ISLAMABAD: The federal government will hold a session of the National Economic Council (NEC) on June 10 finalise the outlay of Public Sector Development Programme (PSDP) for the fiscal year 2020-21.
Sources in the finance ministry said the meeting chaired by Prime Minister Imran Khan would approve the macroeconomic framework for the next budget.
It has been proposed that the allocation for the federal PSDP should be increased from Rs530 billion to Rs650 billion.
The Annual Plan Coordination Committee (APCC) has recommended a Rs1.312-trillion National Development Budget for the upcoming fiscal year to the NEC. Over Rs233 billion will be borrowed from foreign lenders to finance the country’s development needs. Budgetary allocations for the new fiscal year are lower by Rs292 billion as compared to the original allocation of Rs1.61 trillion for the outgoing fiscal year.
PTI govt to drop unapproved projects from PSDP
The planning ministry said Rs100 billion had been proposed under a special programme for improving the quality of life of the common people. “The total proposed outlay of the PSDP 2020-21 is Rs630 billion,” read a statement issued by the planning ministry.
But this Rs100 billion is not officially part of the PSDP until the finance ministry increases the budget allocation and the prime minister approves it.
The APCC proposed Rs536 billion for the PSDP, down Rs165 billion or 24% over the current year’s original budget.
The amount of Rs536 billion is not sufficient to meet requirements of ongoing projects and the government is under pressure to start some new development schemes as well. The NEC has the authority to increase the federal PSDP.
The combined development budget of the four provinces is estimated at Rs783 billion, which is 14% or Rs127 billion less than the outgoing fiscal year’s original allocation.

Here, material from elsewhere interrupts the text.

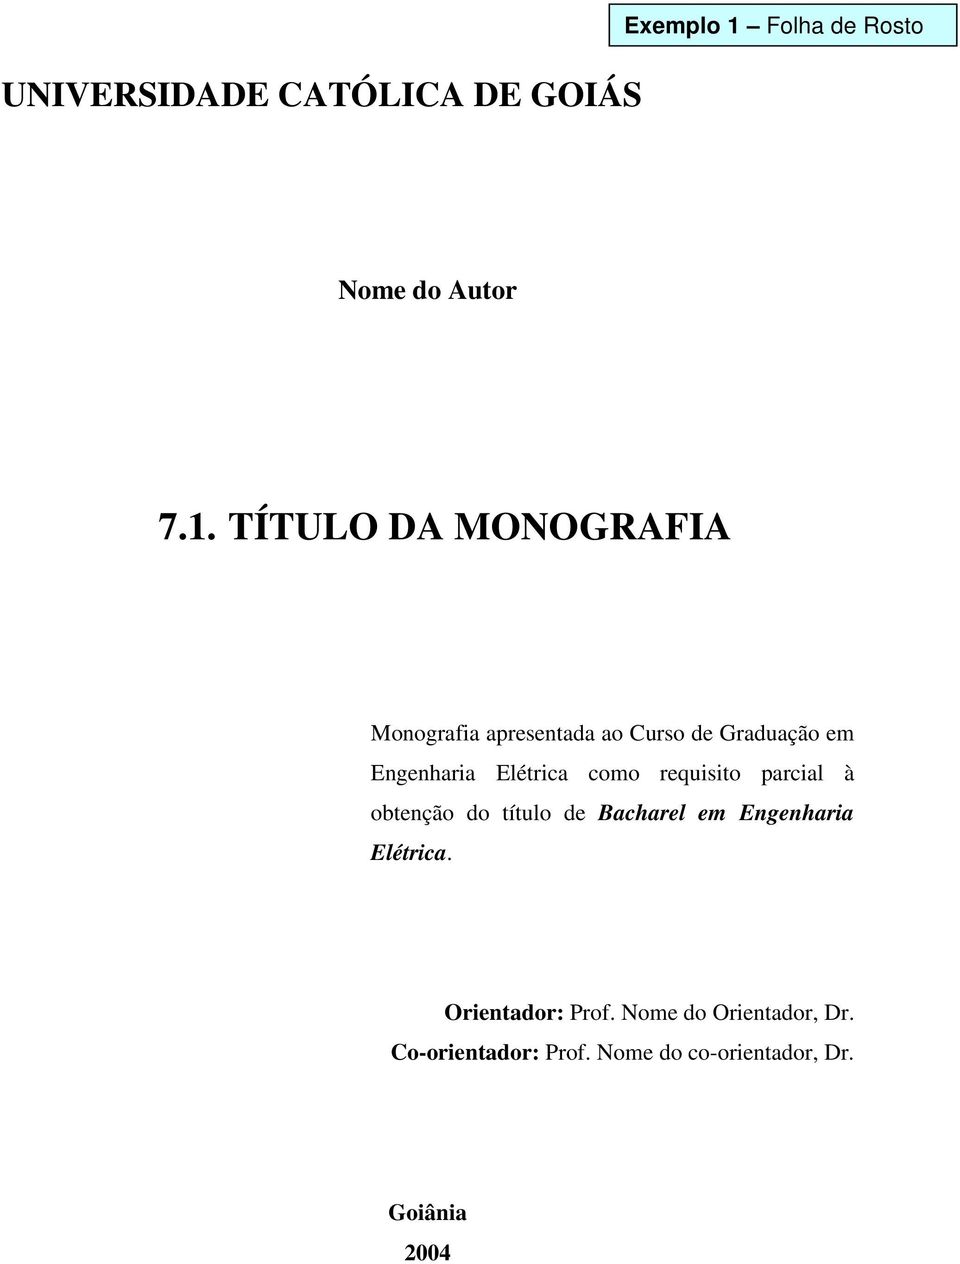 TÍTULO DA MONOGRAFIA Monografia apresentada ao Curso de Graduação em Engenharia
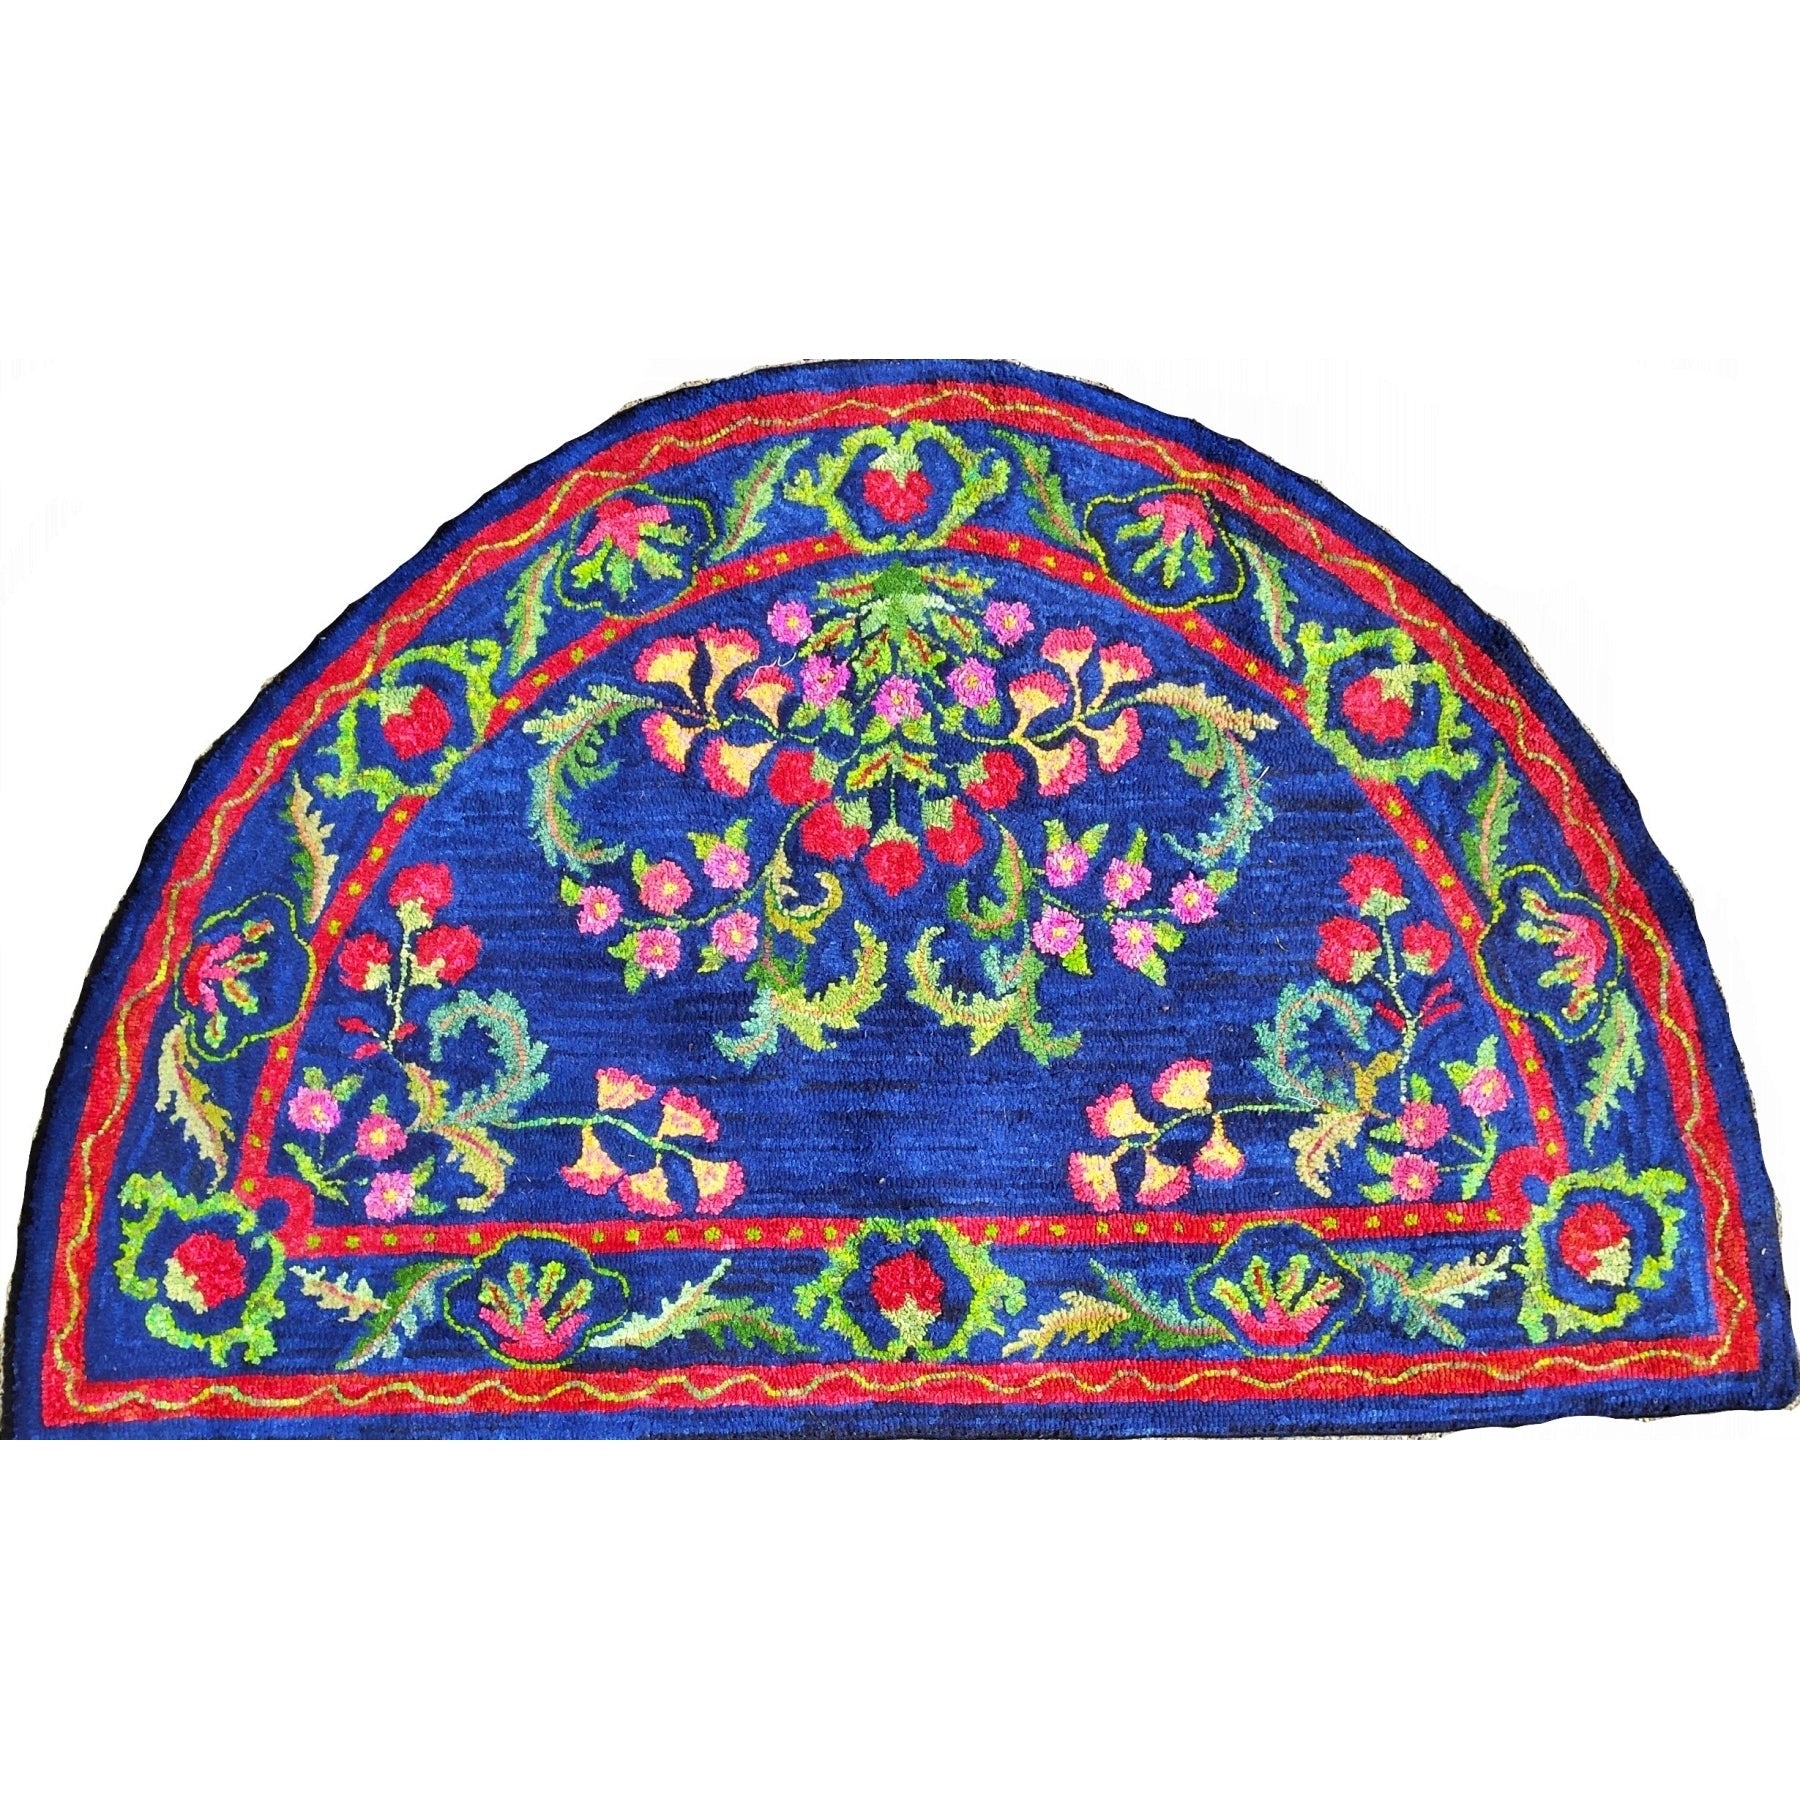 Kashan, rug hooked by Karen Guffey

The government’s decision to cut the federal PSDP by nearly one-fourth highlights the fiscal challenges to its efforts to revive the stalled International Monetary Fund (IMF) programme. The IMF has so far not agreed to allow Pakistan to announce a major fiscal stimulus in the next fiscal year due to unsustainable public debt levels. The IMF has proposed 0.4% of gross domestic product (GDP) as the primary deficit target – the deficit that excludes interest payments.
This leaves no room for the federal and provincial governments to announce big development programmes.
Even the proposed Rs1.32 trillion federal and provincial development outlay would hinge on the FBR’s abilities to achieve the Rs5.1-trillion tax collection target.